Activity
Transcribe the listing below only from the line with "Fun bridesmaids photos, Planet" up to and including the line with "TECHWOOD DVB665 Remote Control Alternative".

Dataset content
##########
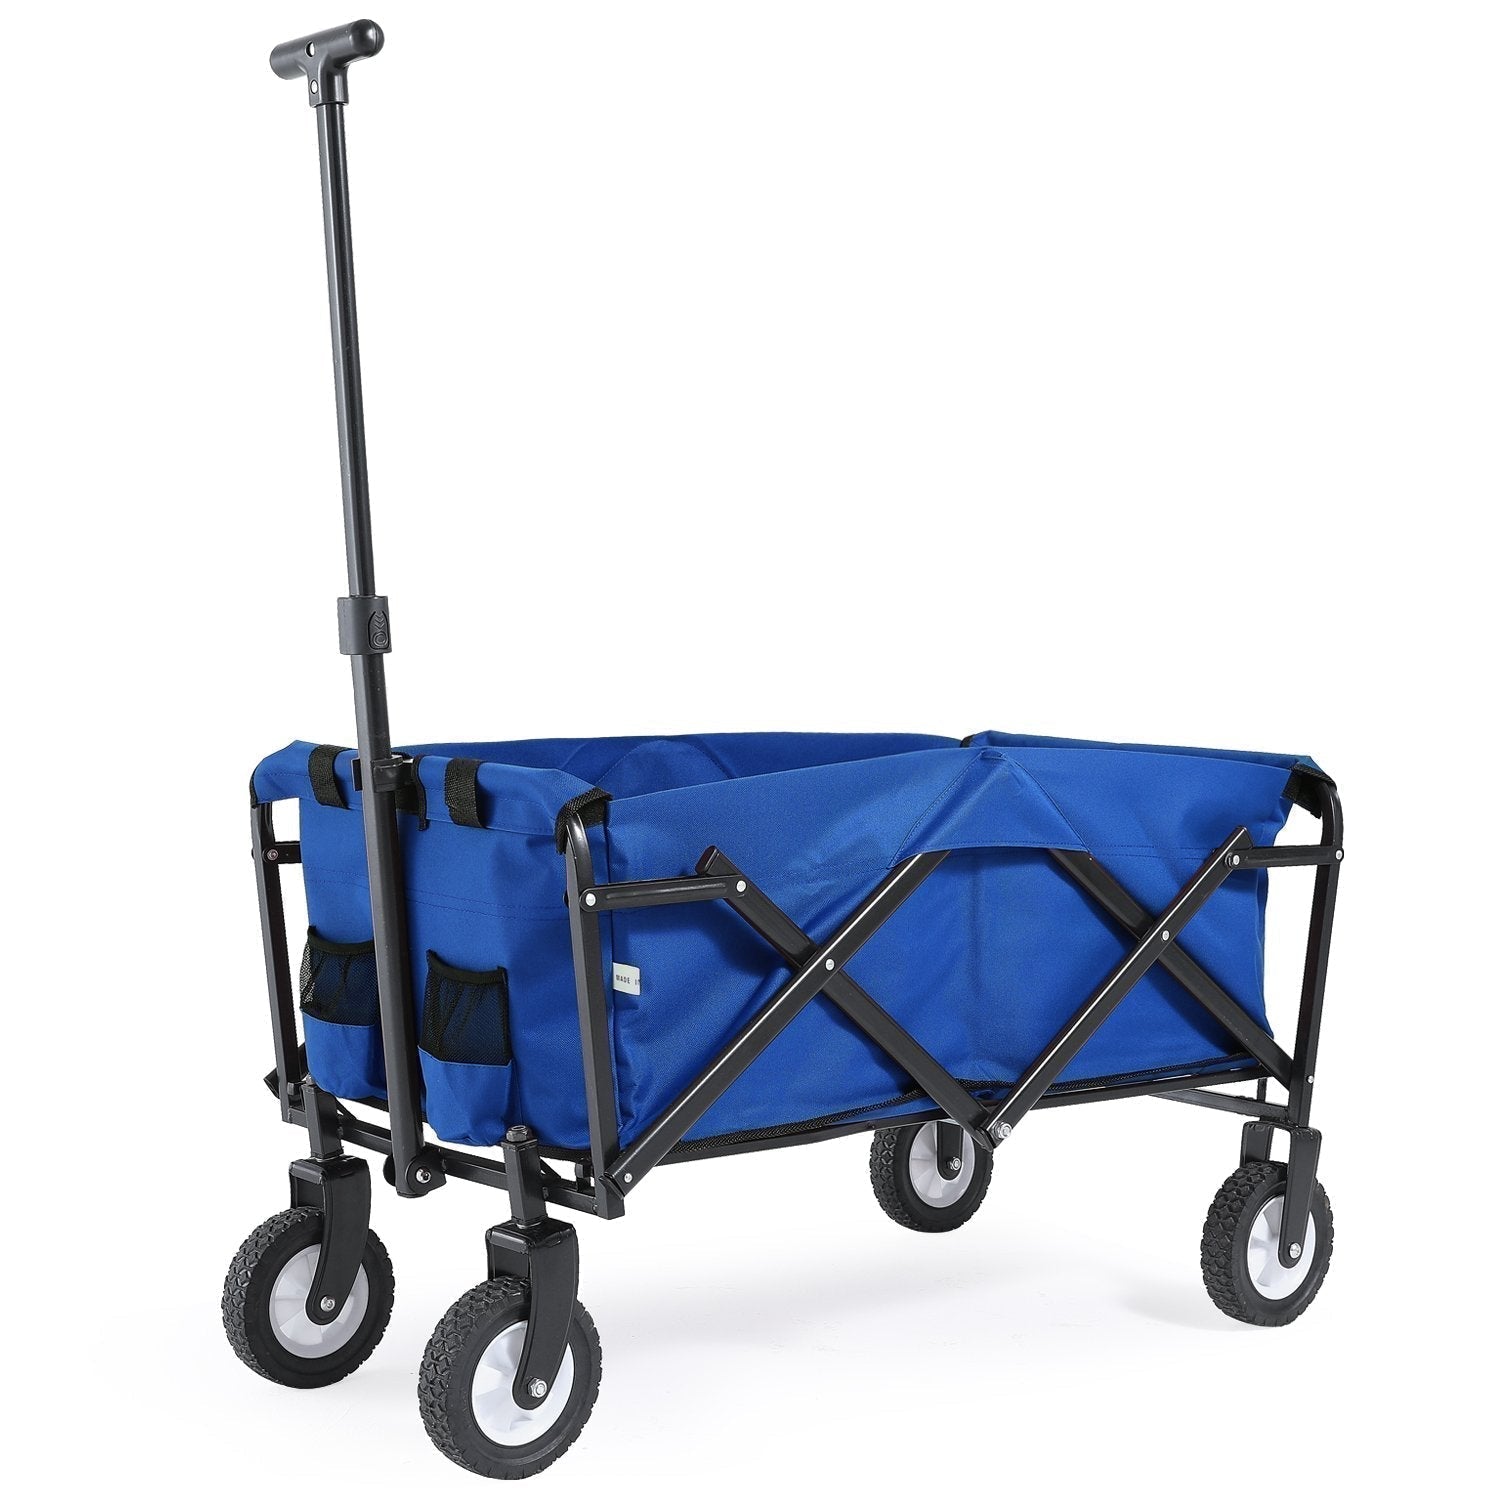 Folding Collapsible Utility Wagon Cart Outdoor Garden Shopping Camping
##########
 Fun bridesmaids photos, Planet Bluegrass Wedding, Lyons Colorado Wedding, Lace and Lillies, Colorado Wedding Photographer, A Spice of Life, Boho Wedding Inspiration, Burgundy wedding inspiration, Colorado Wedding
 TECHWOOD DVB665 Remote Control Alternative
##########
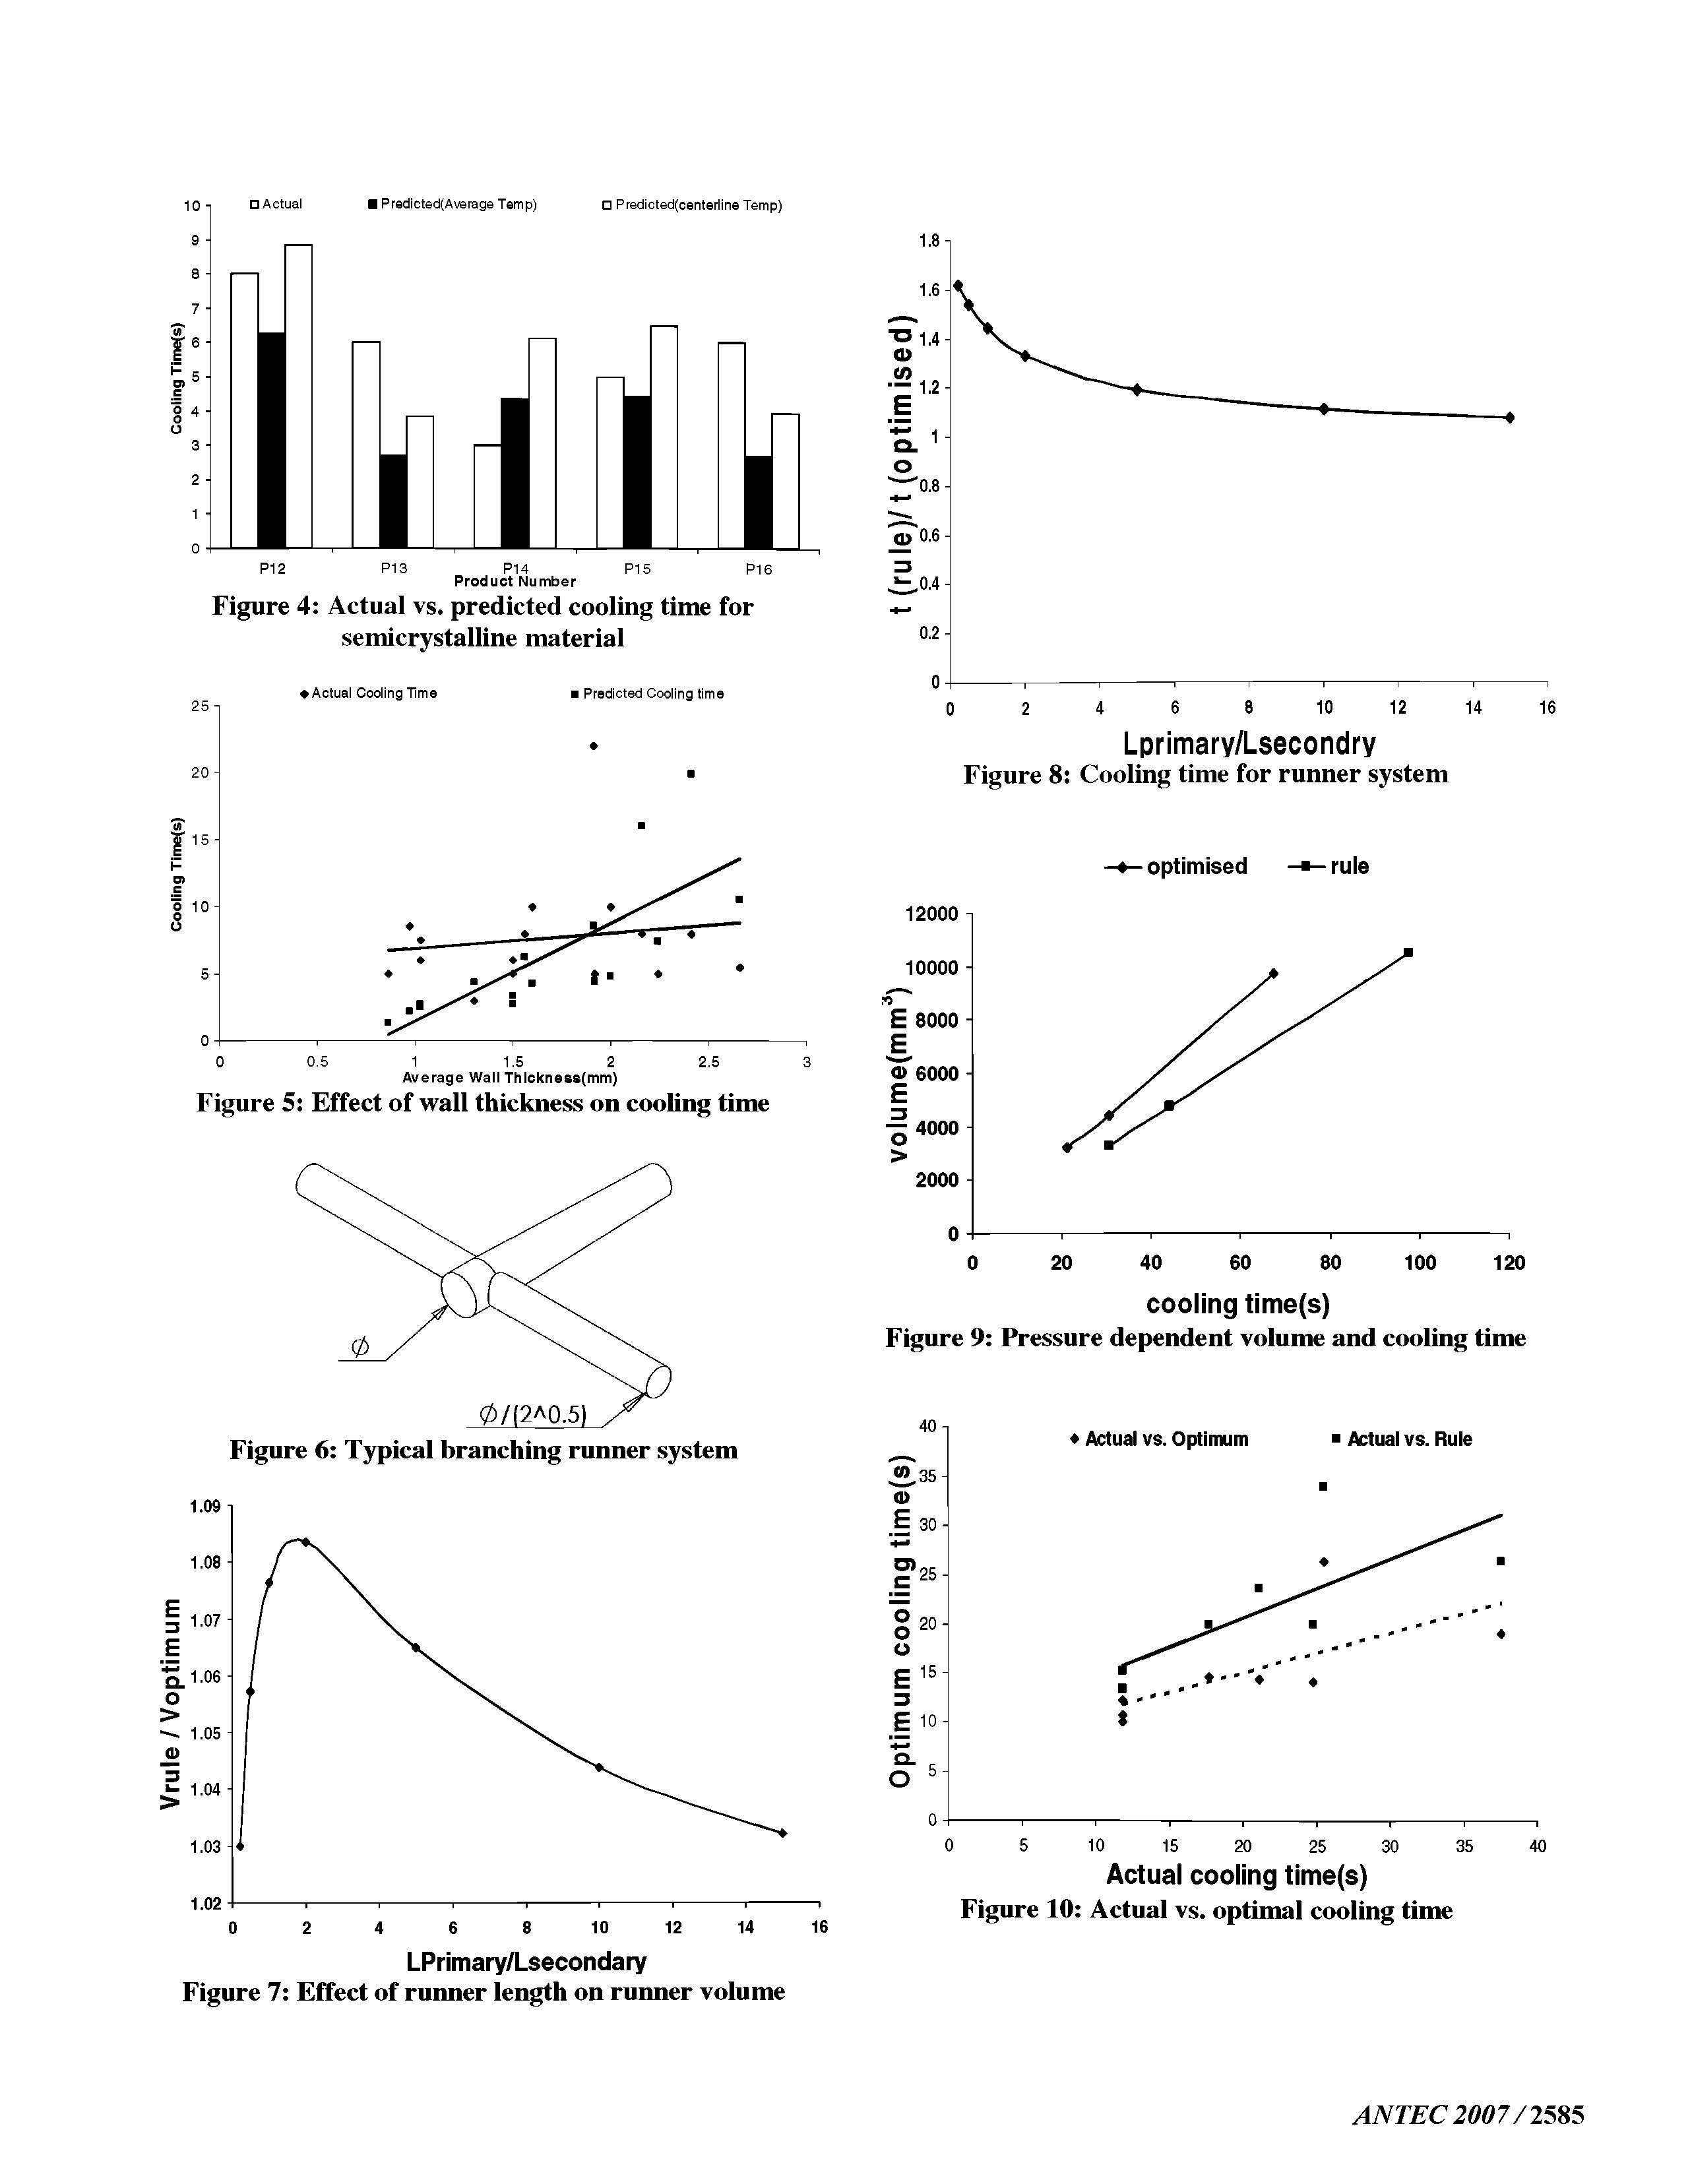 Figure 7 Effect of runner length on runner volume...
##########
Answer to this problem
 Fun bridesmaids photos, Planet Bluegrass Wedding, Lyons Colorado Wedding, Lace and Lillies, Colorado Wedding Photographer, A Spice of Life, Boho Wedding Inspiration, Burgundy wedding inspiration, Colorado Wedding
 TECHWOOD DVB665 Remote Control Alternative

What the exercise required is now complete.